Ok, I'll try with the paper.
And please guide me more on it. I'll update you once I get something from paper.
Thank you
We will try to keep an eye to see if there is something about Jina affecting, but I think the problem is on the encoder
itself
Hi,
I want to retrieve text by searching for an audio using AudioClip model.
First, I created indexing of text (car-horn, coughing, alarm-clock, thunderstorm etc) and using AudioClipTextEncoder for embedding.
After that I am searching for an audio where i am using AudioClipEncoder for embedding.
For both text and audio indexing simple-indexer is used.
While searching for an audio i created chunks using segmenter and using MyRanker for ranking scores where i modified some script.

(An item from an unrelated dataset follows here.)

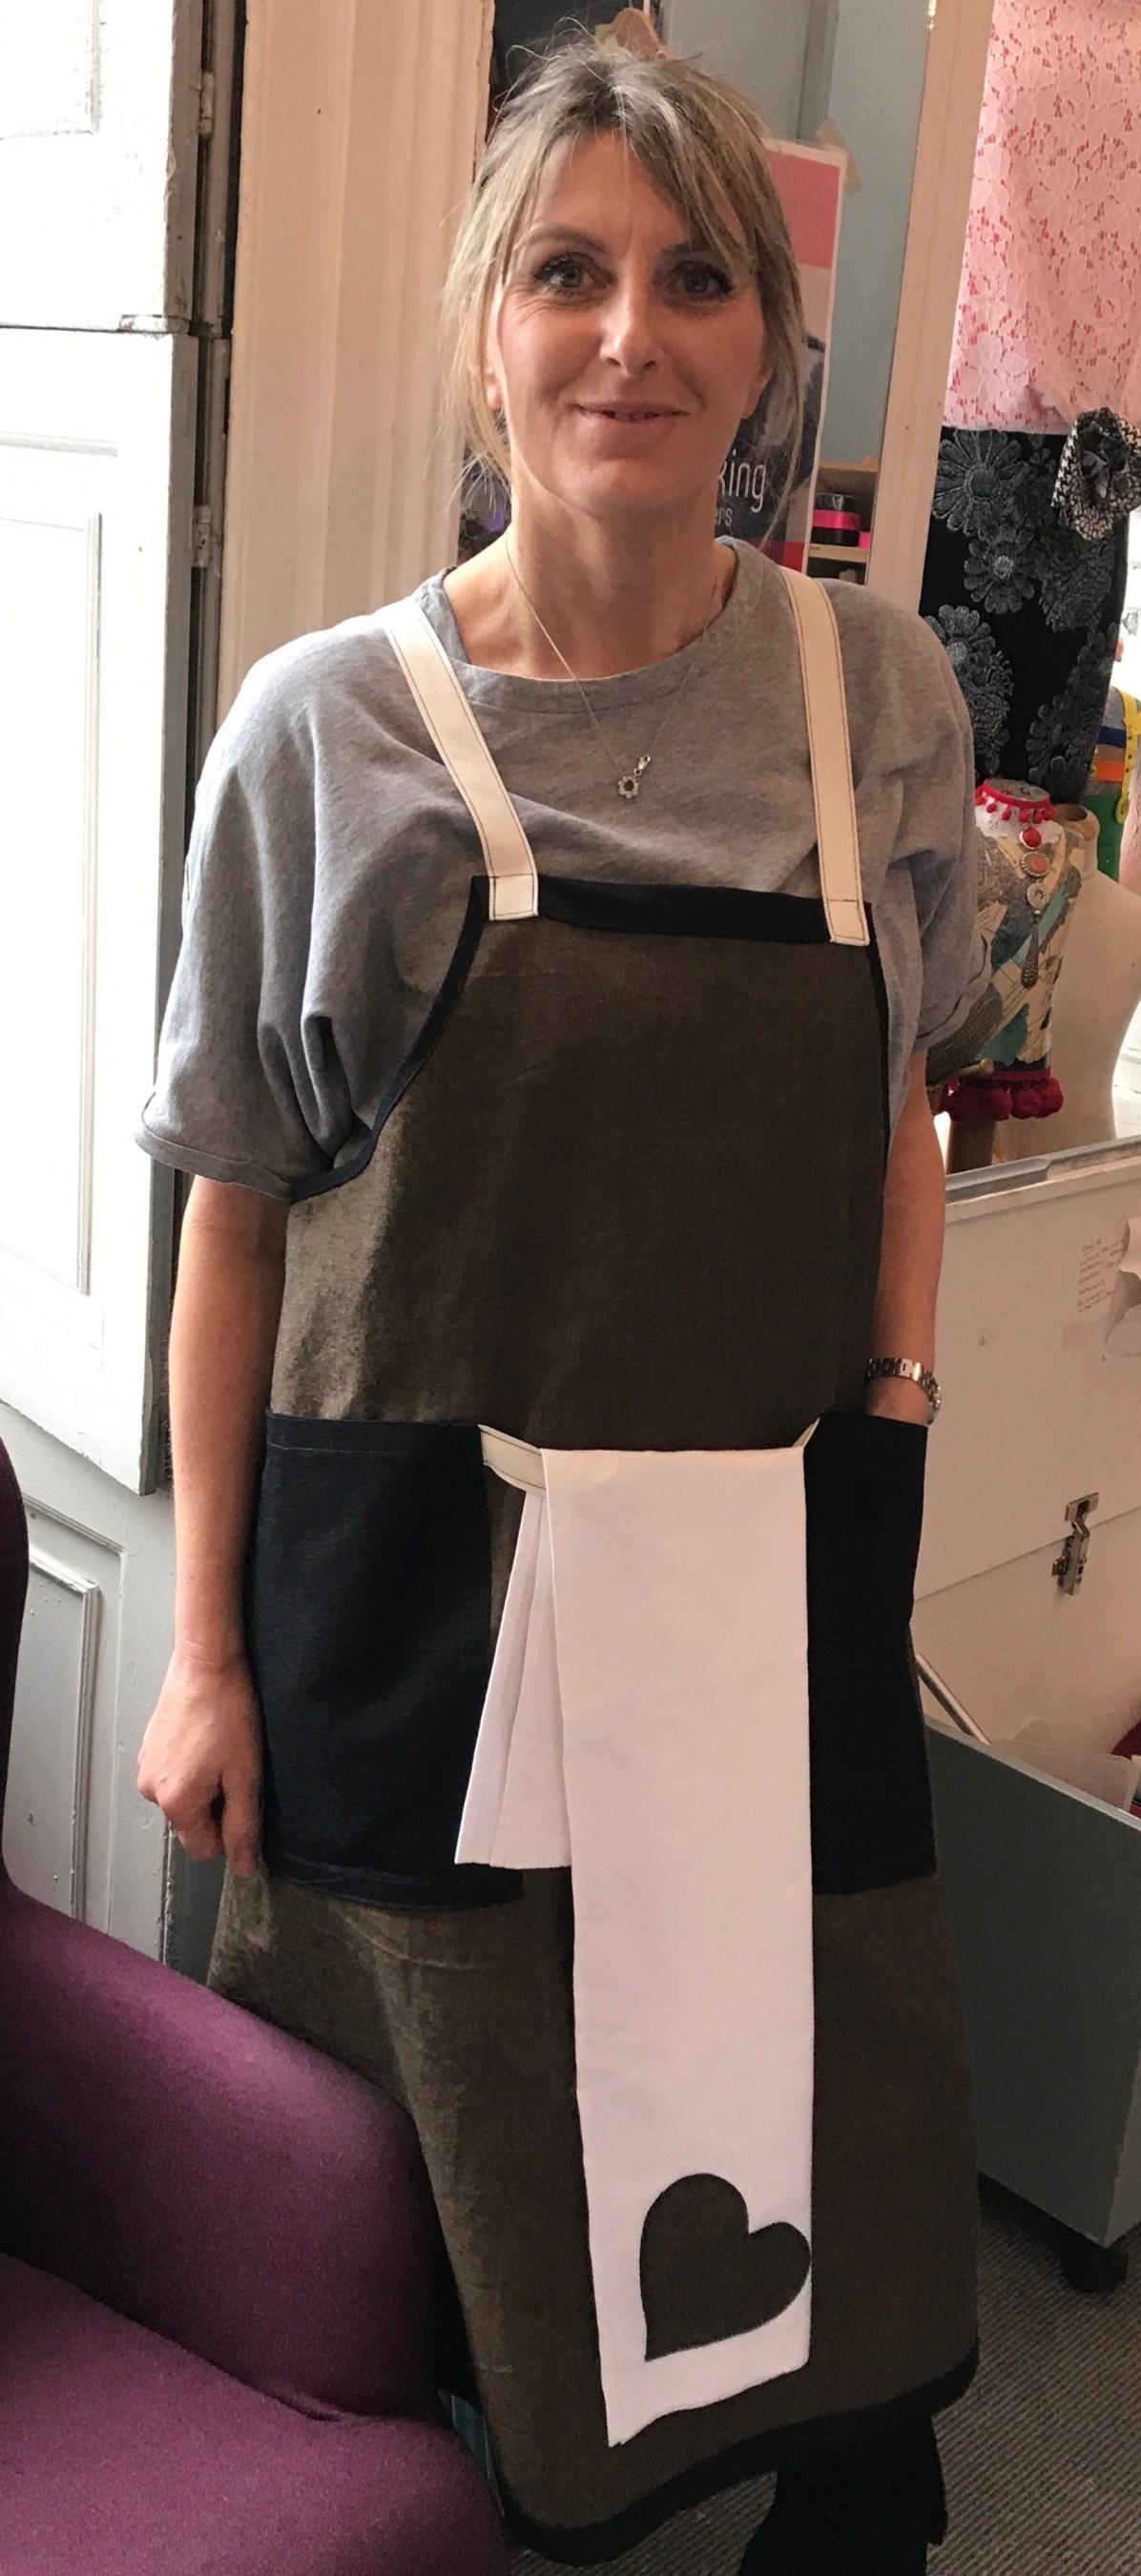 unisex apron

The output is: input_audio: AudioCLIP/demo/audio/thunder_3-144891-B-19.wav, len-of-chunks:1 +- id: e5eceb26737311ec83fd2fdc0fc83b8e score: 0.931110, cat input_audio: AudioCLIP/demo/audio/coughing_1-58792-A-24.wav, len-of-chunks:1 +- id: e5ecf968737311ec83fd2fdc0fc83b8e score: 0.923869, cat input_audio: AudioCLIP/demo/audio/cat_3-95694-A-5.wav, len-of-chunks:1 +- id: e5ed00de737311ec83fd2fdc0fc83b8e score: 0.845475, cat input_audio: AudioCLIP/demo/audio/car_horn_1-24074-A-43.wav, len-of-chunks:1 +- id: e5ed0778737311ec83fd2fdc0fc83b8e score: 0.928283, cat input_audio: AudioCLIP/demo/audio/alarm_clock_3-120526-B-37.wav, len-of-chunks:1 +- id: e5ed0dcc737311ec83fd2fdc0fc83b8e score: 0.919222, alarm_clock
As above for 5 inputs only 2 outputs are correct. Please let me know why is that so ? Since AudioClipEncoder is giving correct outputs for all audios.